Anthony Burgess taught and composed music; Joseph Conrad was a sea captain; T.S. Eliot worked in a bank and Arthur Conan Doyle was a doctor, as was the poet William Carlos Williams. Wallace Stevens turned down a Harvard professorship rather than give up his 40-year career in insurance.

Women who write may not only do the lion’s share of domestic work while writing, but also hold down demanding jobs. Agatha Christie worked as an apothecary’s assistant, a great place to learn about poisons. Toni Morrison worked as an editor and for many years Octavia Butler had to write in the early hours so that she could work low-paid jobs like telemarketing or cleaning.
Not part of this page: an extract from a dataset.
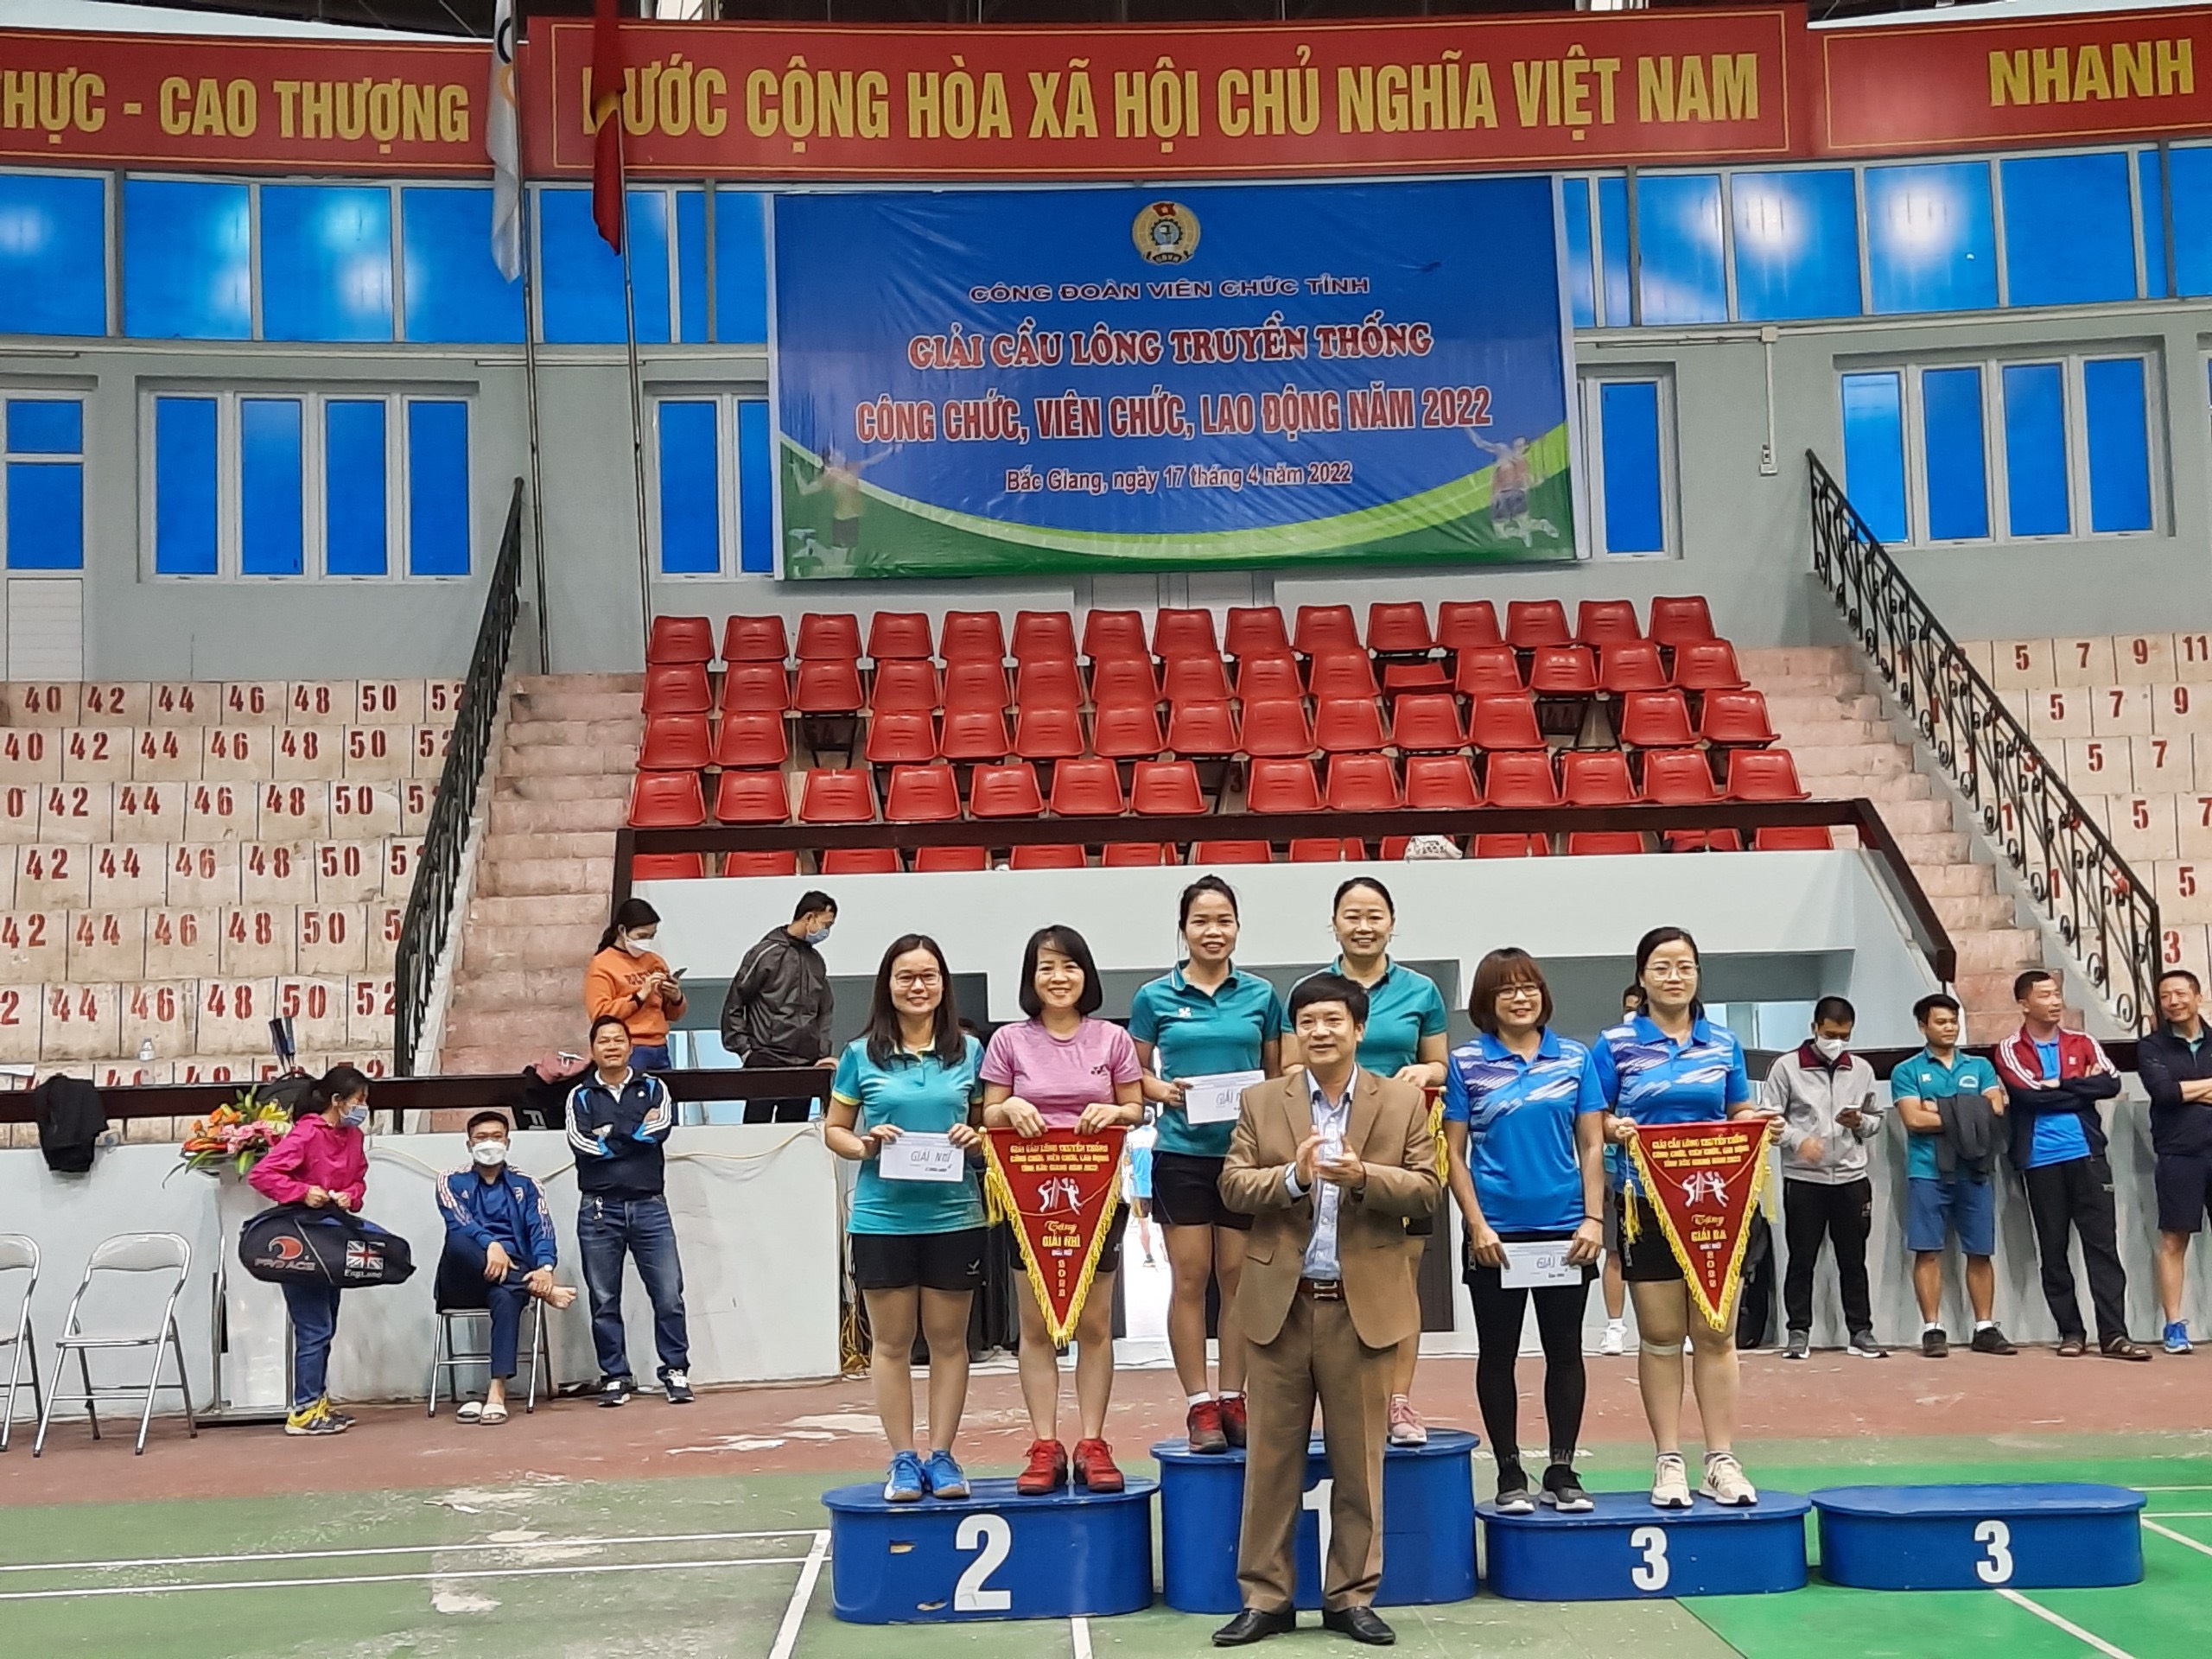 Công đoàn Cục THADS tỉnh Bắc Giang giành giải Nhì Giải cầu lông truyền thống công chức, viên chức, lao động năm 2022

If working the day job is a necessity, it can also be one with benefits. Working as an editor and publisher, I get a lot of time to see how form works, how language can constantly be honed and how handing our precious book to someone with skill and objectivity and then listening carefully can make all the difference. One of my authors recently took a PR role that is giving her masses of people-watching time, none of it wasted. Writers are people who walk about the world with all their senses open and work is an endlessly rich environment for observation of the human condition.

Of course, we still need time to find that trance state in which to write and to go into deep flow. If your day job does nothing but hollow you out, it may be time to reconsider. But if your work sustains you and leaves the time and energy to write whilst being a source of experiences and characters, then writing around the day job is an honourable tradition.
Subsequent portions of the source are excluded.